Matcha powder, the power of chlorophylle



Matcha sounds quite a magical plant. It is a finely ground powder of specially grown and processed green tea leaves. But what could be the benefits of Matcha for your skin? In one word: Chlorophyll.

Chlorophyll is produced in matcha at the end of the growing time by covering the leaves and protecting them from the sun rays, just before the harvest. Due to this ancestral process, the plants produce a lot of chlorophyll and give matcha its very specific green color.

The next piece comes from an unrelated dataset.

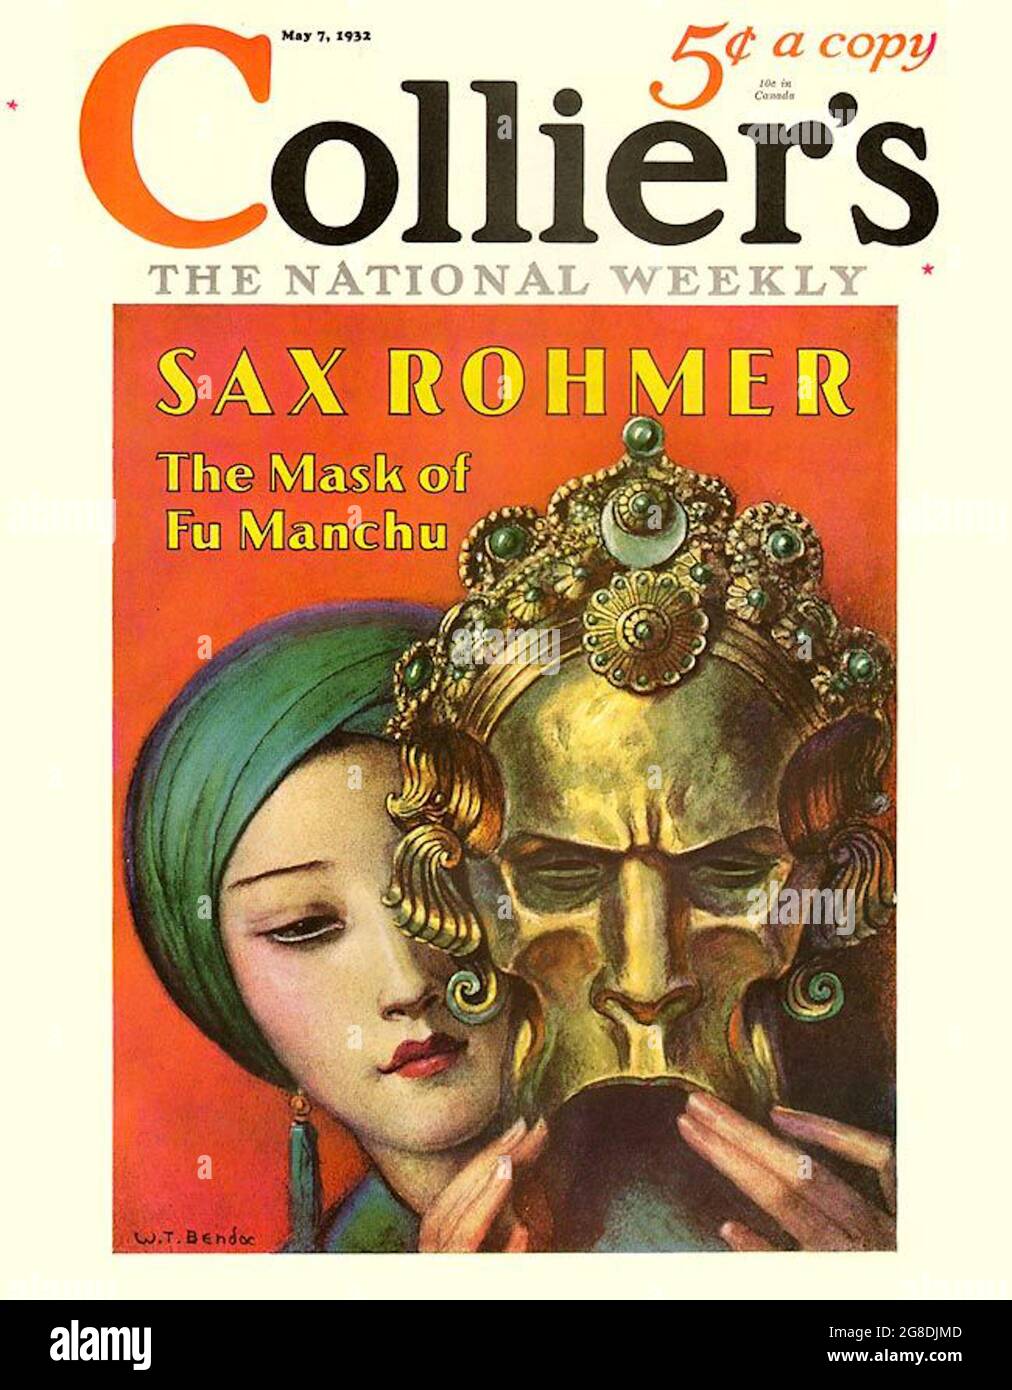 Władysław Teodor Benda's magazine cover design for Collier's The National Magazine - Sax Rohmer - The Mask of fu Manchu. Foto Stock

This process renders matcha beneficial for your skin. It cleanses the toxins aways from your skin protects you against chemicals or impurities.

Matcha powder

Matcha powder

Matcha is an ancestral ingredient originated in Japan. Already known as a superfood ingredient - Matcha is also very powerful for your skin and hair routine. Thanks to its concentration in chlorophyll, vitamin K and antibiotic agent, matcha powder is a unique ingredient to include in your recipes.


  • Matcha is a strong natural antibiotic agent and therefore very efficient against acne. It contains epigallocatechin-3-gallate and gallic acid that fight the bacteria responsible for acne.

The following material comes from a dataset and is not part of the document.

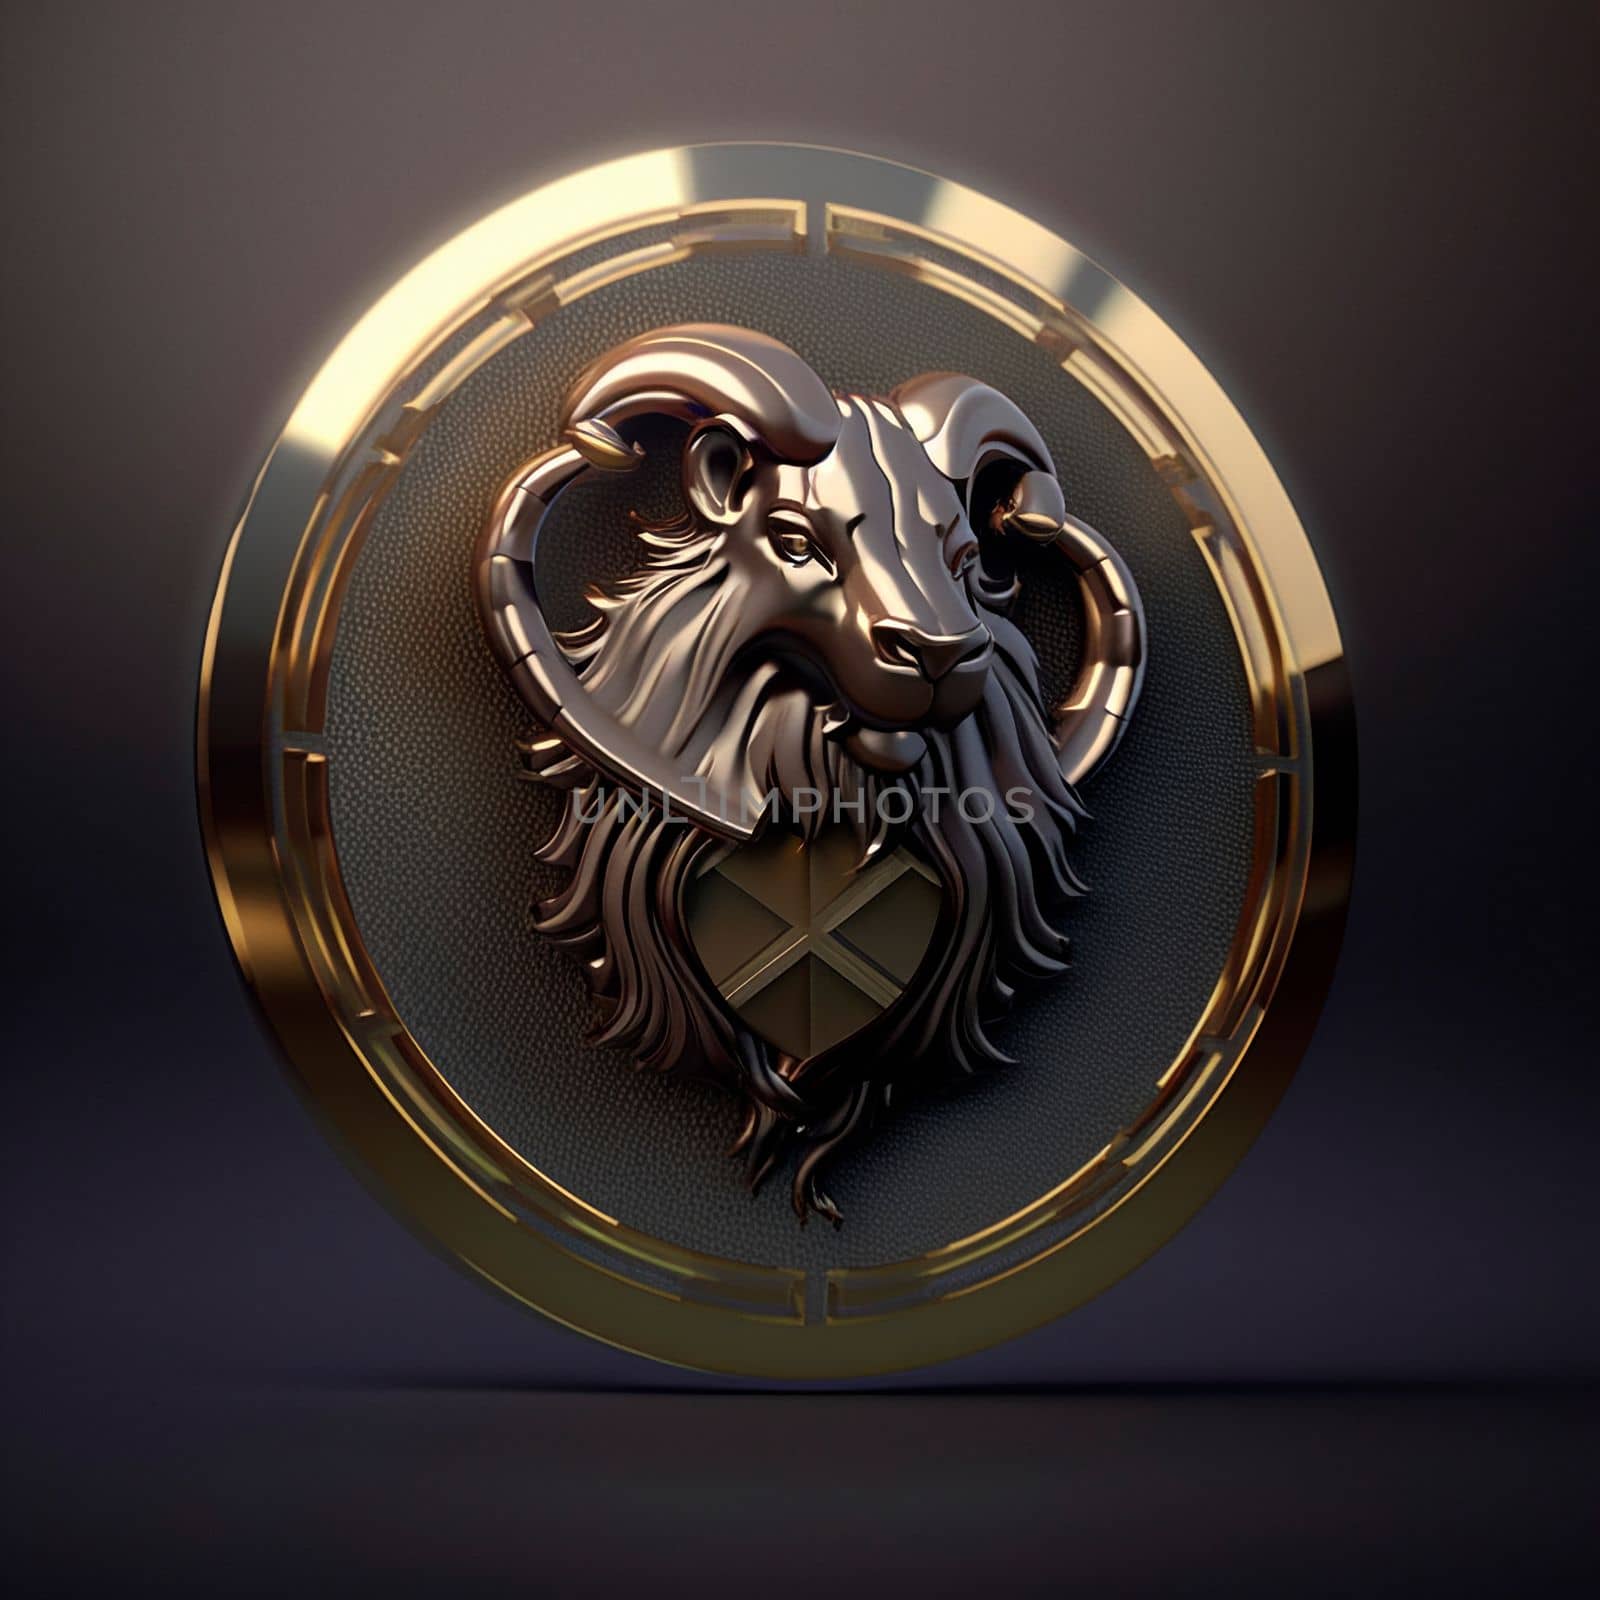 animal logo on a metal token. High quality illustration

  • Thanks to its high concentration of chlorophyll, Matcha powder protects your skin from sun damage and reduces signs of aging.

  • This powder has high concentration of vitamin K, responsible for regulating the blood circulation. It helps to reduce puffiness, skin inflammation and treats dark eye circles.

  •   Matcha powder encourages hair growth thanks to the concentration of epigallocatechin-3-gallate. It stimulates the cells and boosts the hair production. Researchers from the Tufts University have found that Matcha contains 20 times more antioxidants than regular green tea. The antioxidants and vitamins C and E promote the overall health of the scalp and hair, while protecting you from them from sun exposure.


Skin: You can mix matcha powder with another vegetable oil such as coconut or almond oil and apply onto your skin as a rich moisturiser.

Hair: At Rowse we recommend using matcha as a hair mask by mixing it with clay and water, a simple yet powerful recipe.

The views expressed in this article intend to highlight alternative studies and induce conversation. They are the views of the author and do not necessarily represent the views of ROWSE, and are for informational purposes only, even if and to the extent that this article features the advice of physicians and medical practitioners. This article is not, nor is it intended to be, a substitute for professional medical advice, diagnosis or treatment, and should never be relied upon for specific medical advice.